The eight staff judges of this year’s Indie Game Maker Contest have completed their work and our unranked Top 10 can be seen here. We have to wait for our celebrity judges (these cool people) to weigh in before we can announce the winners but given that my role is just about done, I thought I would take some time to reflect on my experience as a judge.

When you’re involved in a community devoted to indie games, you hear a lot of talk – talk about what makes a game good or what makes a game sell (as if any of us know). However, you don’t always see a lot of action to back that up. Finishing a game is a lot more work that finishing a post containing your opinion. But for this year’s contest, hundreds of you proved you can walk the walk in addition to talking the talk. These games were full of creativity and ambition. I saw very few games that were “phoning it in.” You weren’t out to just win the money, you were out to make excellent games…and many of you did!

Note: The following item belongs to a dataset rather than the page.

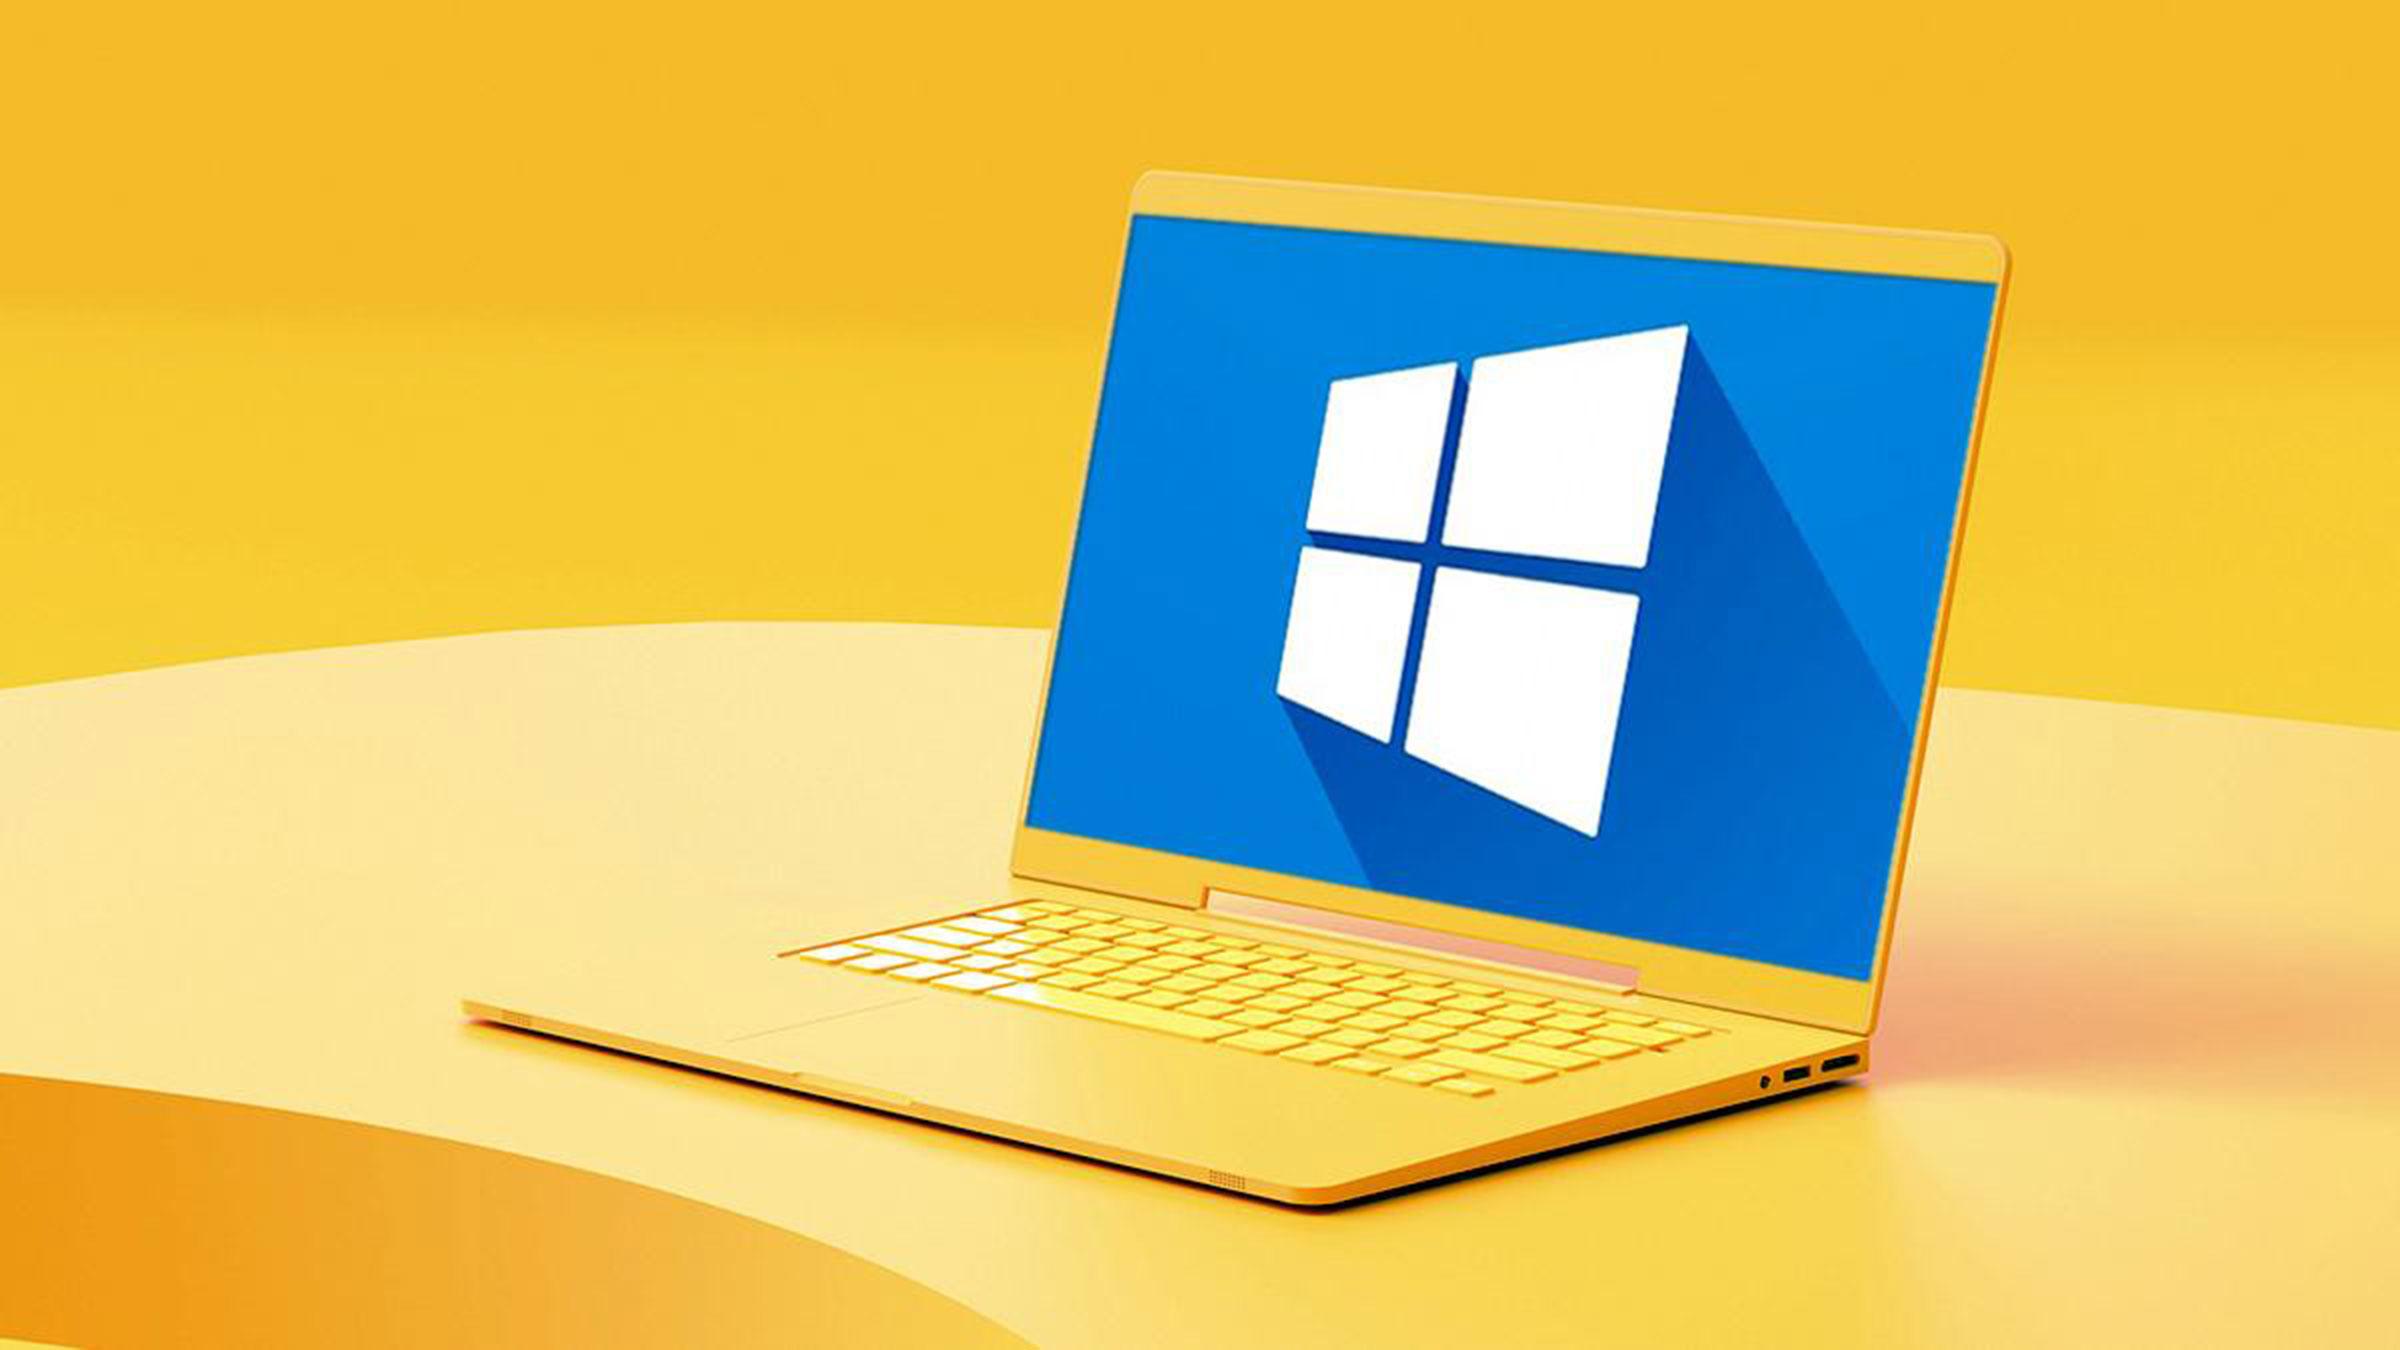 Todo lo que debes saber de Windows 11: fecha de lanzamiento y nuevas funcionalidades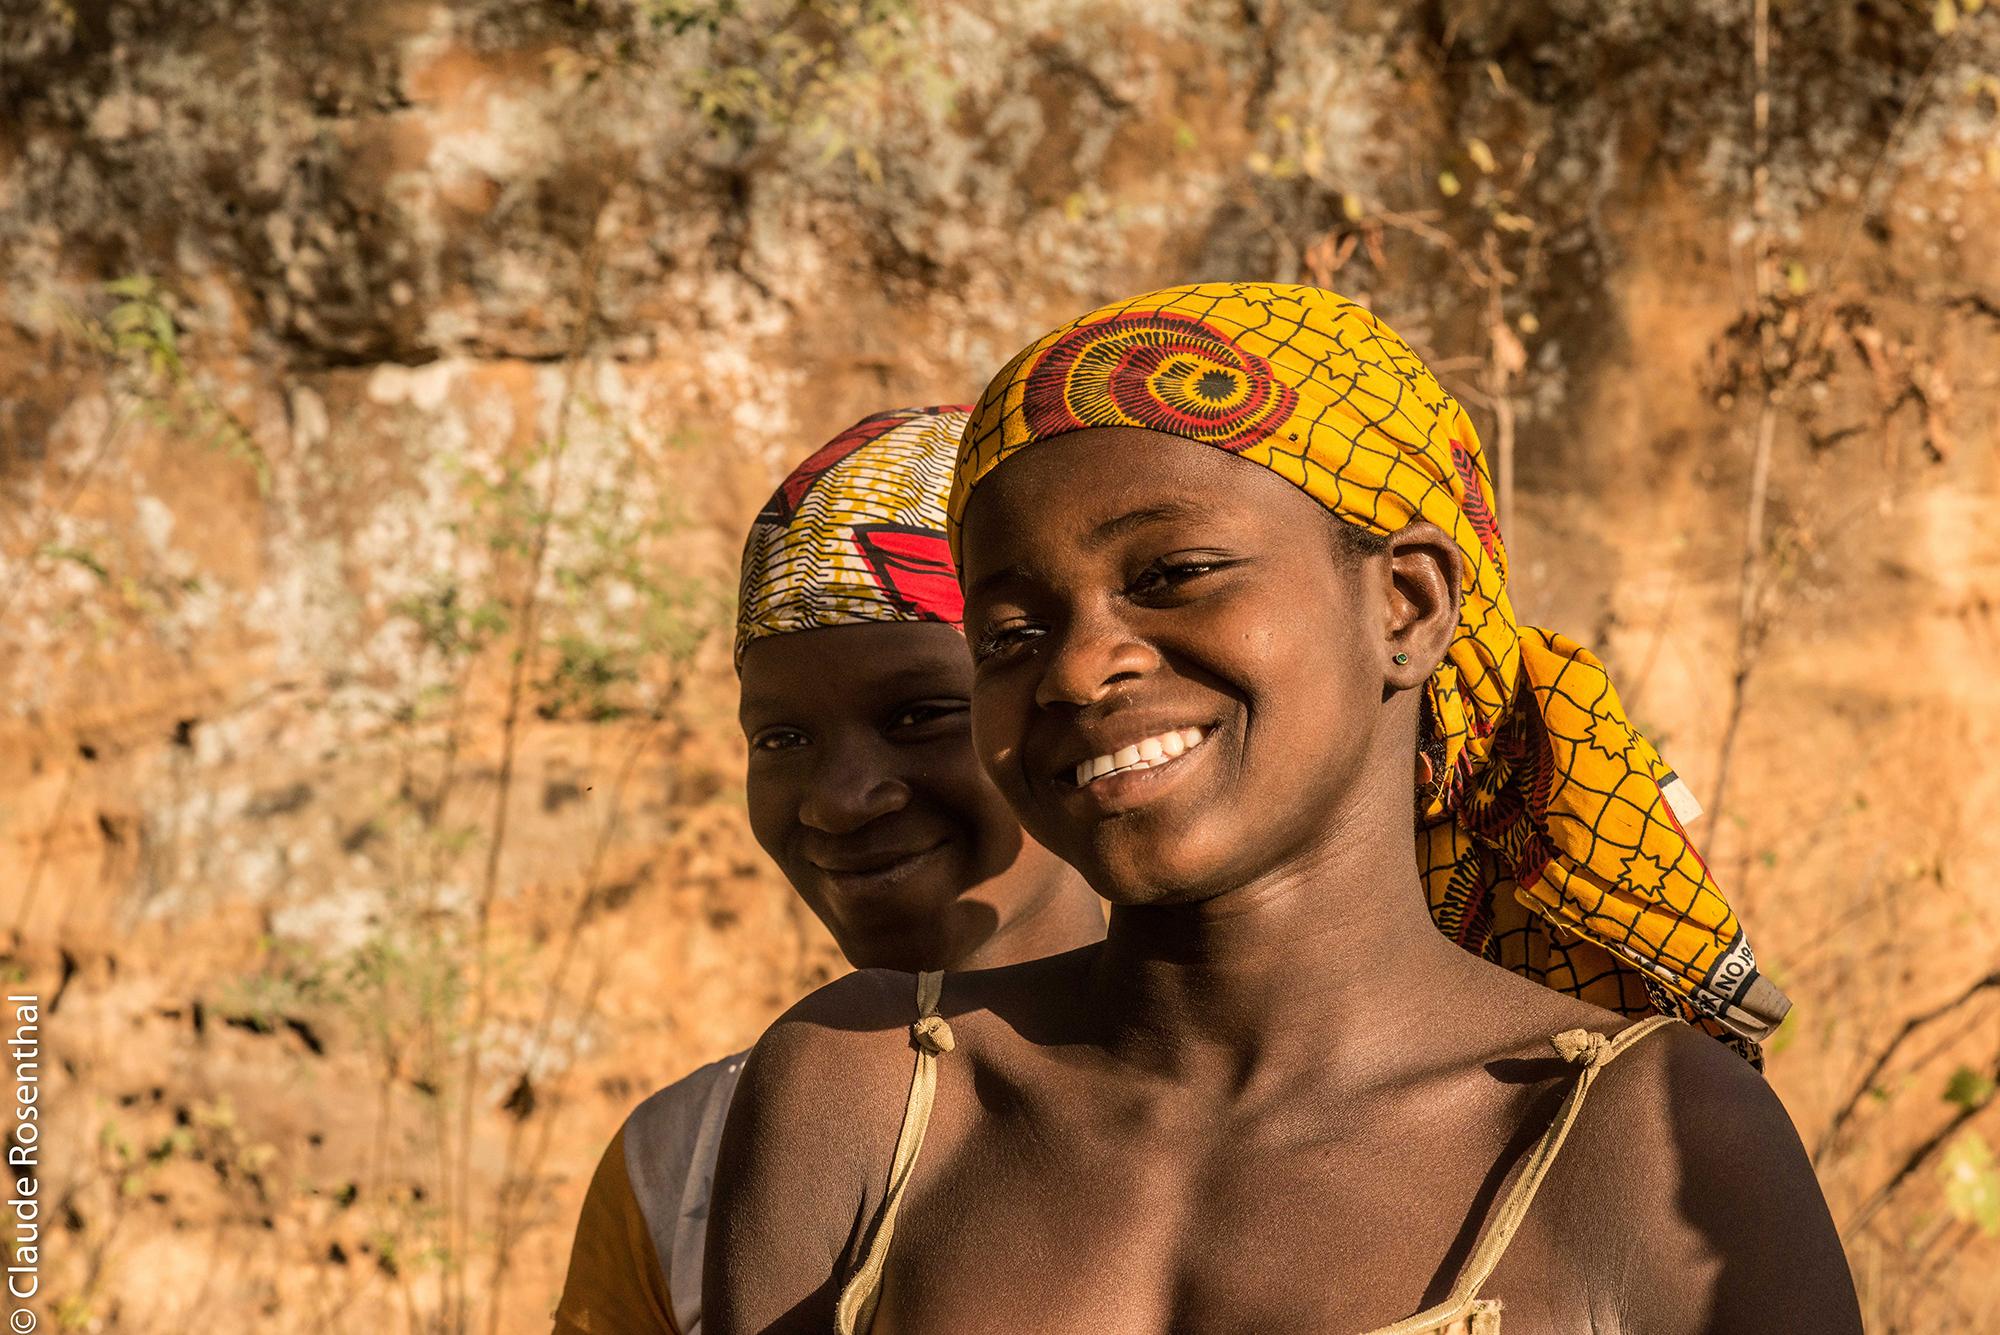 Mission exploratoire au Mali – Janvier 2018

I wish I could be more specific but that still has to wait. I will say that when the full list of prizes has winners and not just the top three, you will understand what I mean. I saw people willing to take a leap of faith with genres and engines that were not nearly as well-represented last year. More often than not, that ambition was backed up by some formidable talent, whether in art or programming or just good old game design instincts.

And some big rewards at that!

Of course, with ambition comes risk. There were some beautiful-looking games that crashed immediately when I tried to play them, resulting in disqualification. Even more unfortunate was when we had a game that many judges liked a lot but had a game-breaking bug that got through screening. This happened pretty often and not everyone hits these bugs but when you do, the procedures are clear. In a contest this competitive, losing 10 points for a bug like that instantly takes you out of the running for the big prizes.

If I have one suggestion to offer next year’s entrants, it would be one that I’ve emphasized several times in this blog – Test Your Game. Have other people test the game. Leave yourself time to clean up whatever bugs they might find. I know a month isn’t a lot of time to work with, but the games that will win this thing all run very smoothly.

Once again, I think this contest brought out the best in the indie game community. The passion with which you all embraced this challenge made it an awesome experience. 10/10 would judge again.

I will have much more to say once the winners are announced on October 24. See you then!